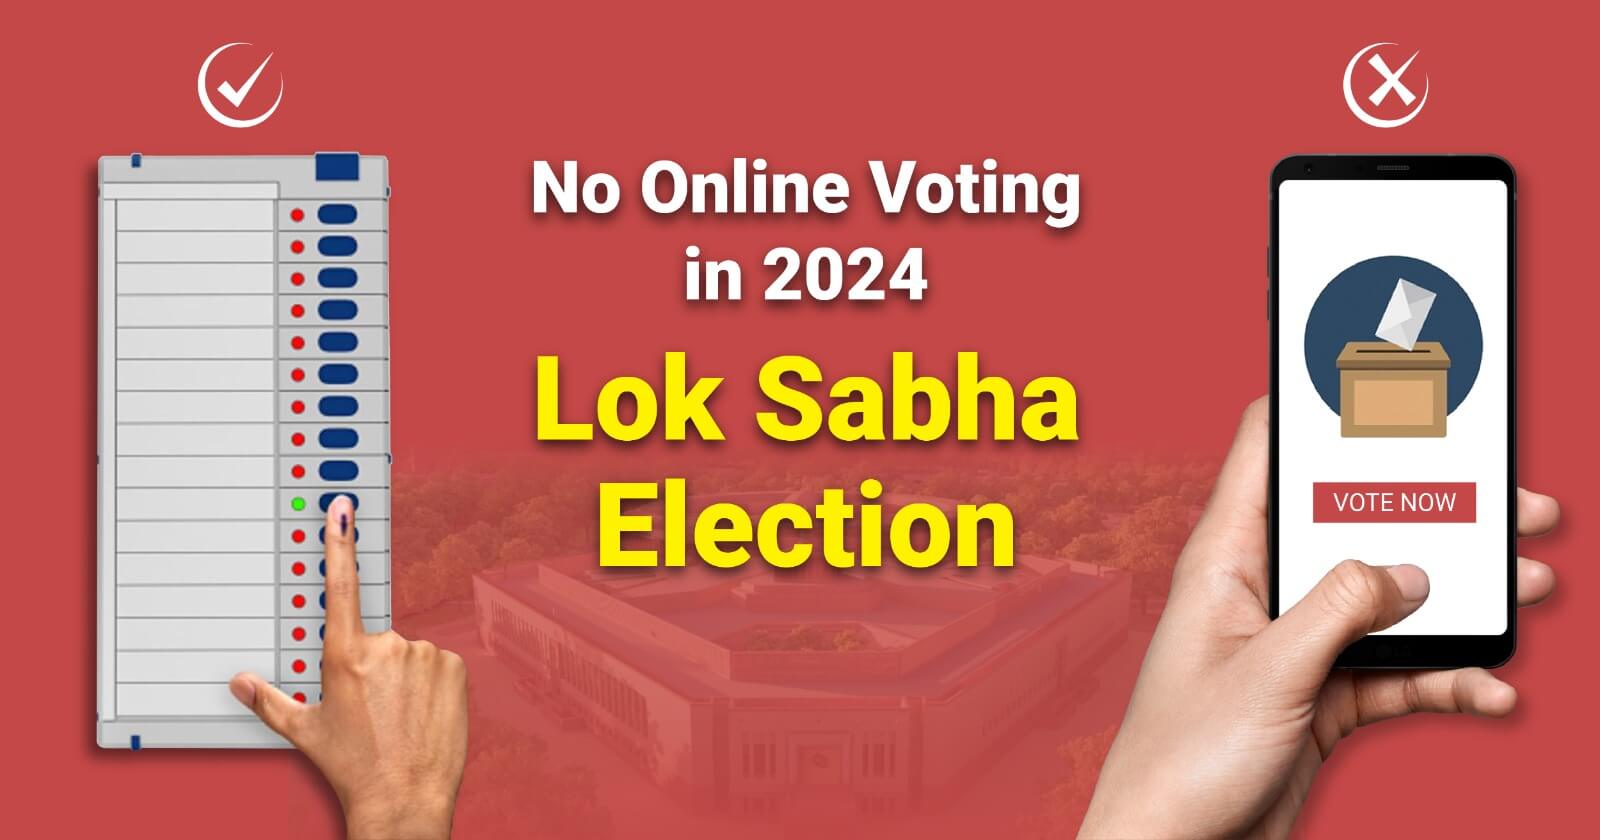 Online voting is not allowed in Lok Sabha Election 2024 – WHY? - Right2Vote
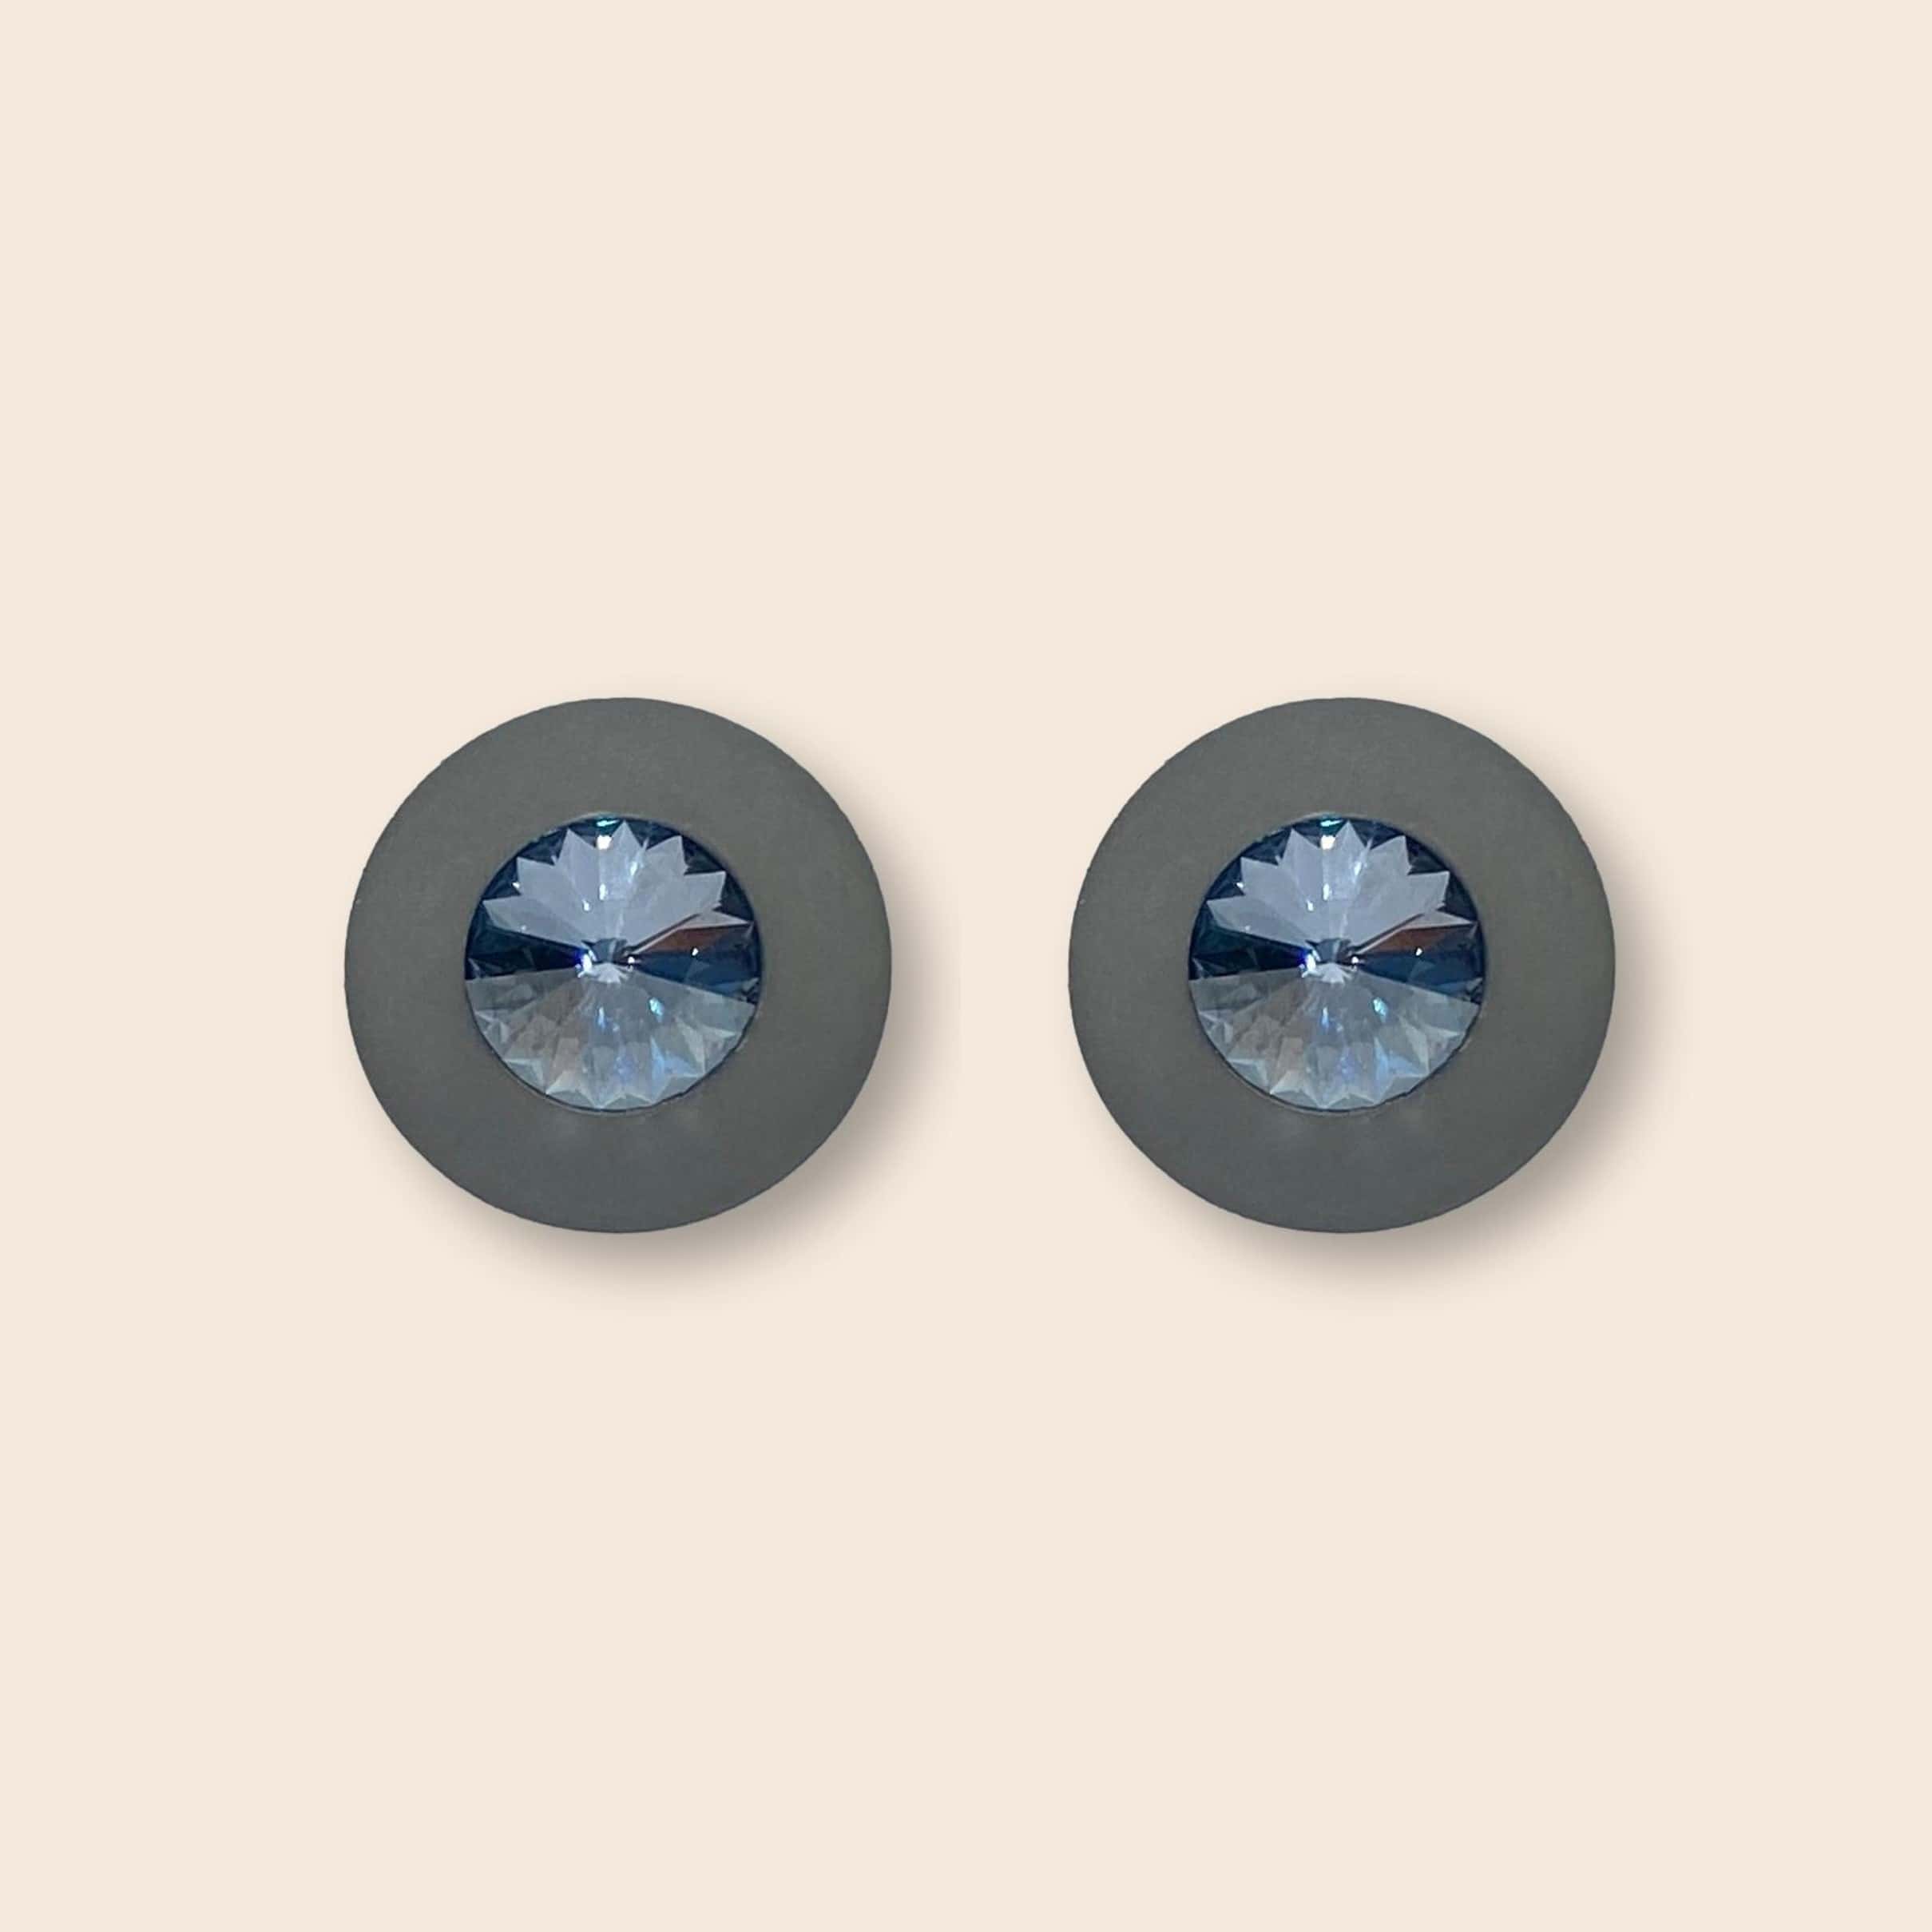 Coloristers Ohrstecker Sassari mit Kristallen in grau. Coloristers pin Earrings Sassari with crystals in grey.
...
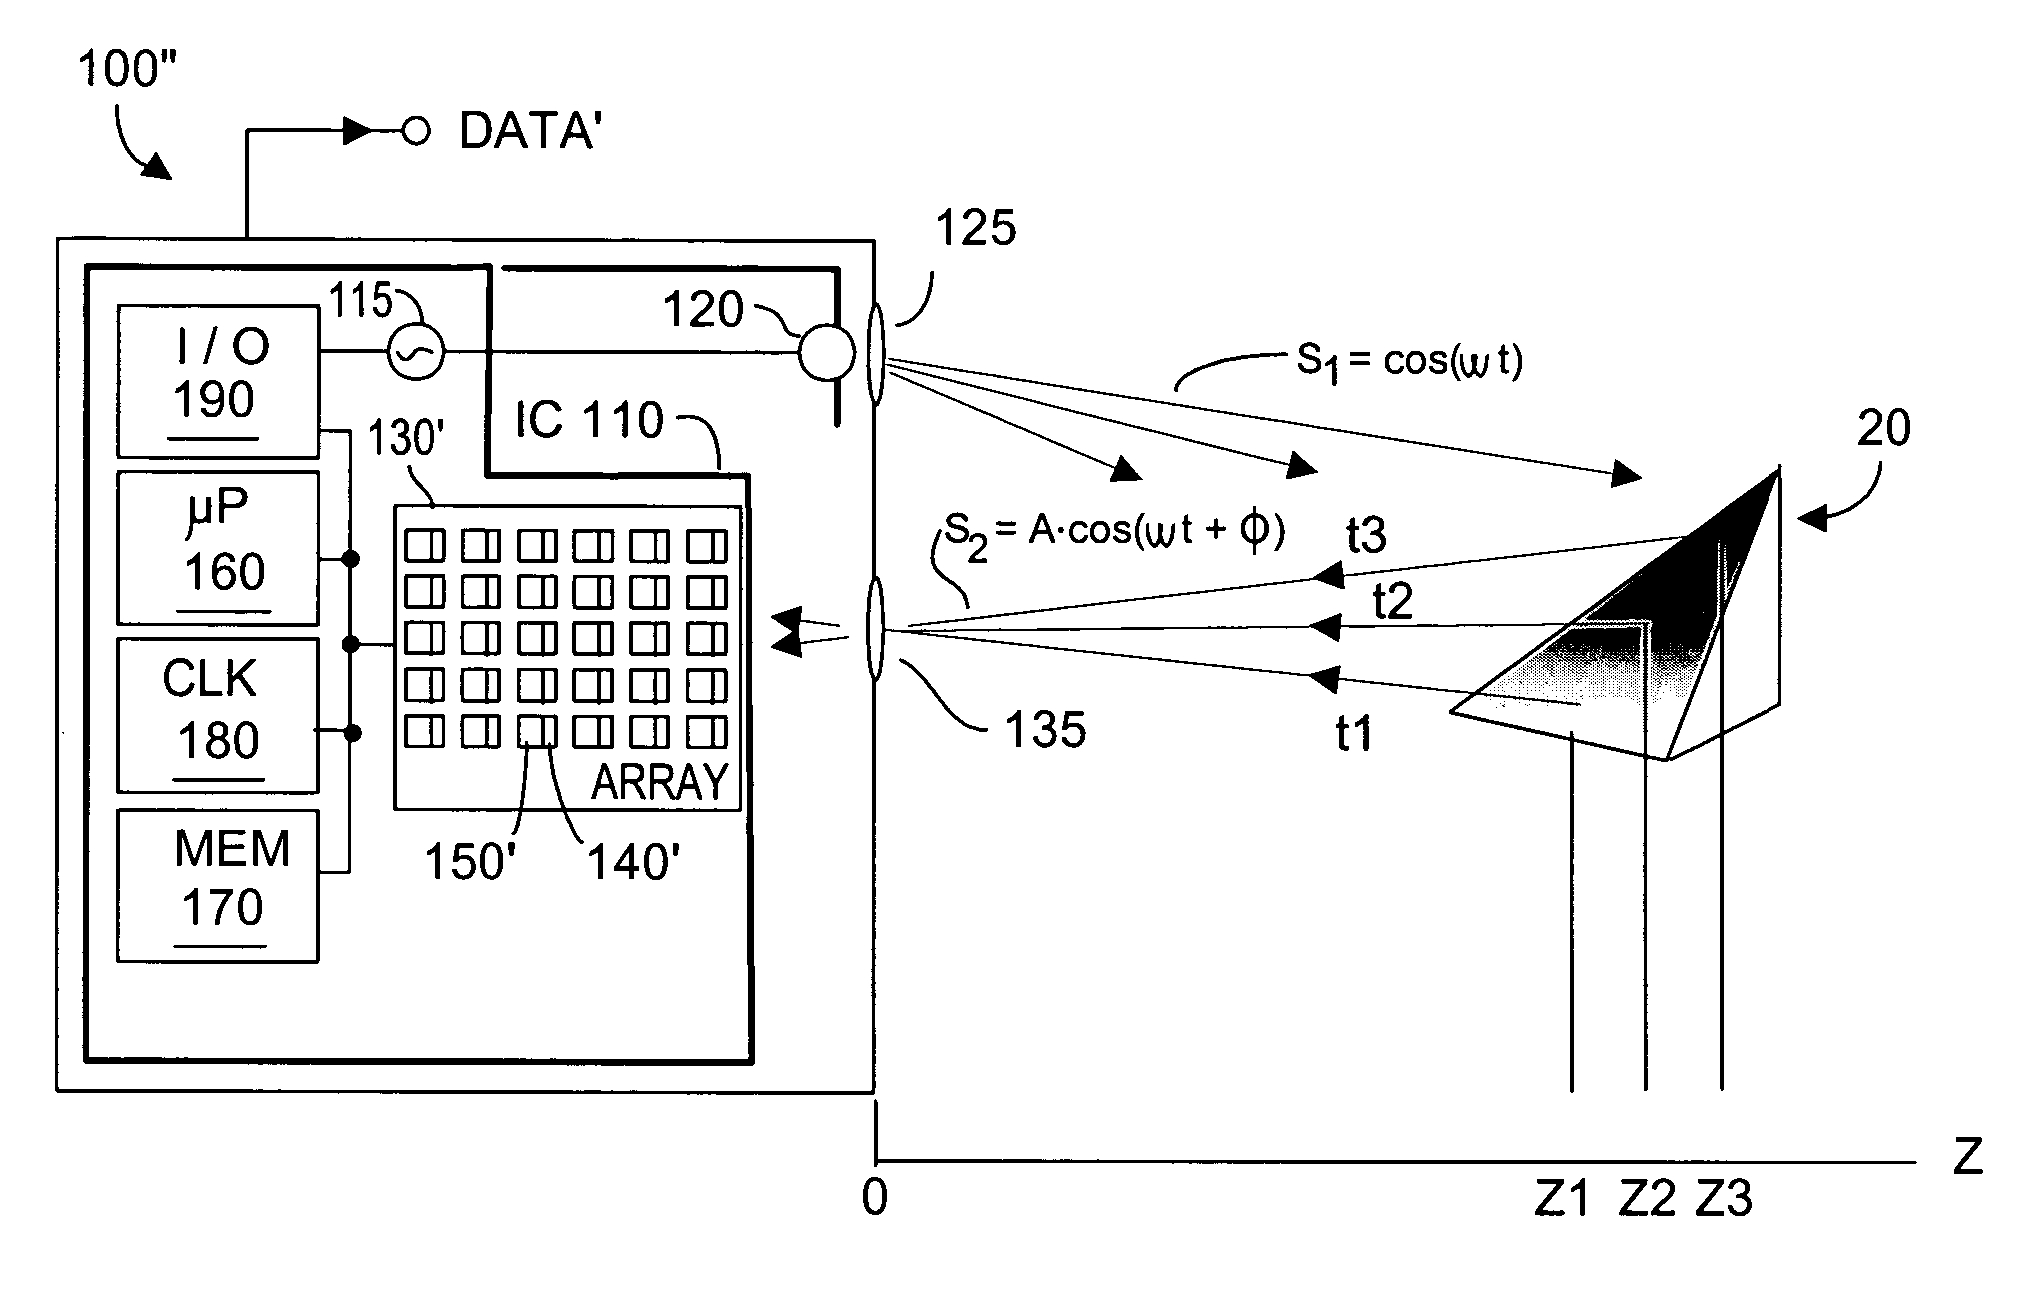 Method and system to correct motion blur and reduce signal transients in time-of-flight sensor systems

What you need to do>
Return word for word the lines of the listing above, starting at the line with "Online voting is" and ending at the line with "Coloristers Ohrstecker Sassari", both included. Pictures do not belong in the copy.

Answer to this problem>
 Online voting is not allowed in Lok Sabha Election 2024 – WHY? - Right2Vote
 Coloristers Ohrstecker Sassari mit Kristallen in grau. Coloristers pin Earrings Sassari with crystals in grey.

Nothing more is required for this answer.